I’d argue no, not good enough. First of all, SPRINT certainly shows us that 120 mmHg is more desirable than 140 mmHg. Secondly, we’ve just spent ~4 years of our patient’s life trying to bring down their BP, with some success. But SPRINT demonstrated had we done it immediately, we would have reduced their risk more than we’ve done til now. Of course, we might see benefits in other areas such as glucose and whatever, but that doesn’t mitigate the havoc high BP does. Vaduganathan et al. show in a secondary analysis of SPRINT that: “At age 50 years, the estimated residual survival was 37.3 years with intensive treatment and 34.4 years with standard treatment and at age 65 years, residual survival was 24.5 years with intensive treatment and 23.3 years with standard treatment (edited)”.6 Lowering BP from 140 mmHg to 120 mmHg when one is 50 and 65 yo will yield on average 3 and 1.1 extra years of life, respectively. The absolute numbers might not seem that impressive, but when a person is on their deathbed, they certainly are. What can explain the difference in absolute life extension between the age groups? It's the comparatively less time the 50 yo has been exposed to high blood pressure. The 15 years of time, from 50 to 65, exposed to 140 mmHg vs. 120 mmHg will contribute to shortened lifespan and increased events in later days.
Lastly, I want to tie this all together to the risk score calculators. As I discussed in part 1, Risk Score calculators are meant to be tools for assessing the probability of MACE within a given time period, 10 years for example. The calculators are mainly used to make decisions about which route of intervention is warranted.
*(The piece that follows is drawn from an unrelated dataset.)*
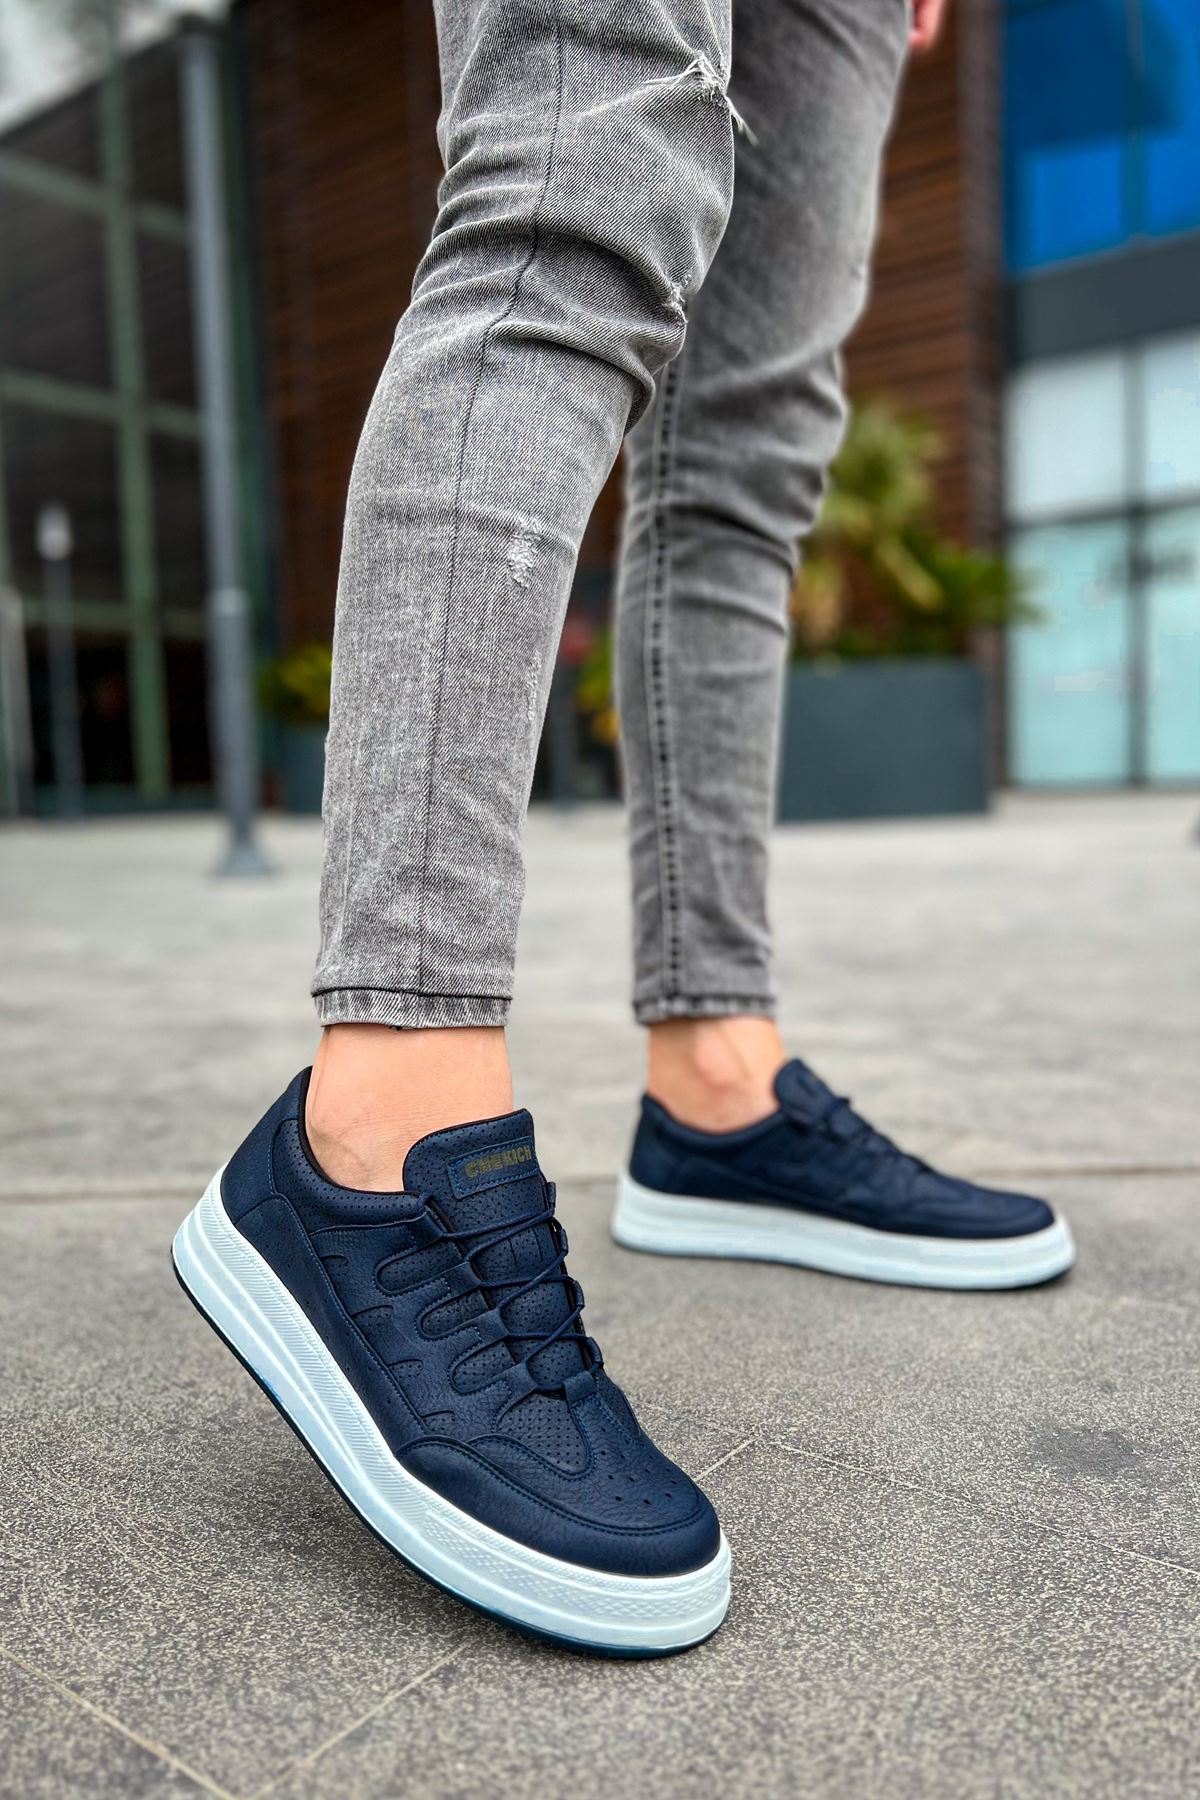 CH040 Men's Unisex Orthopedics Navy Blue-White Sole Casual Sneaker Sports Shoes - STREETMODE ™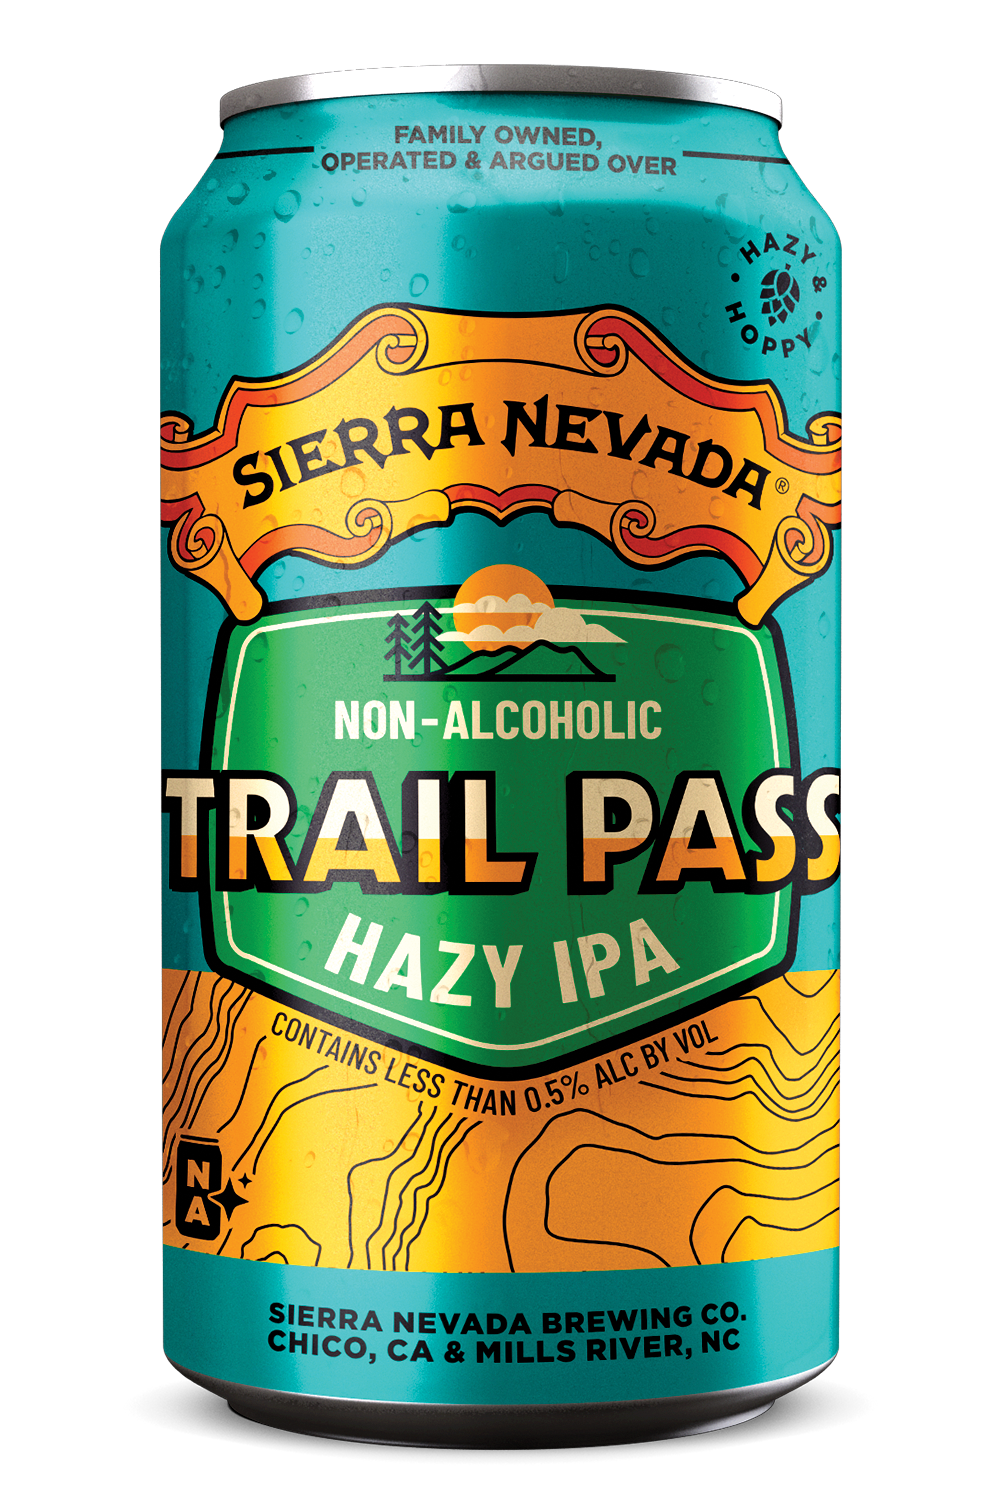 An individual can of Sierra Nevada non-alcoholic Trail Pass Hazy IPA brew

Without getting into the critiques of part 1, we can now, based on the conclusions from this post, start to understand why the input of single point-in-time measurements can create misled conclusions and not contribute accurately enough to the determination of risk.7 The duration for which a person has been exposed to any significant risk factor makes a difference, and the earlier we can intervene, the more confident we can be in our course of action. Unfortunately, calculators leave a lot of meaningful information out and incentivize outsourced decision-making, which is not only dumbing down but depriving the practitioner of independent thinking and responsible decision-making.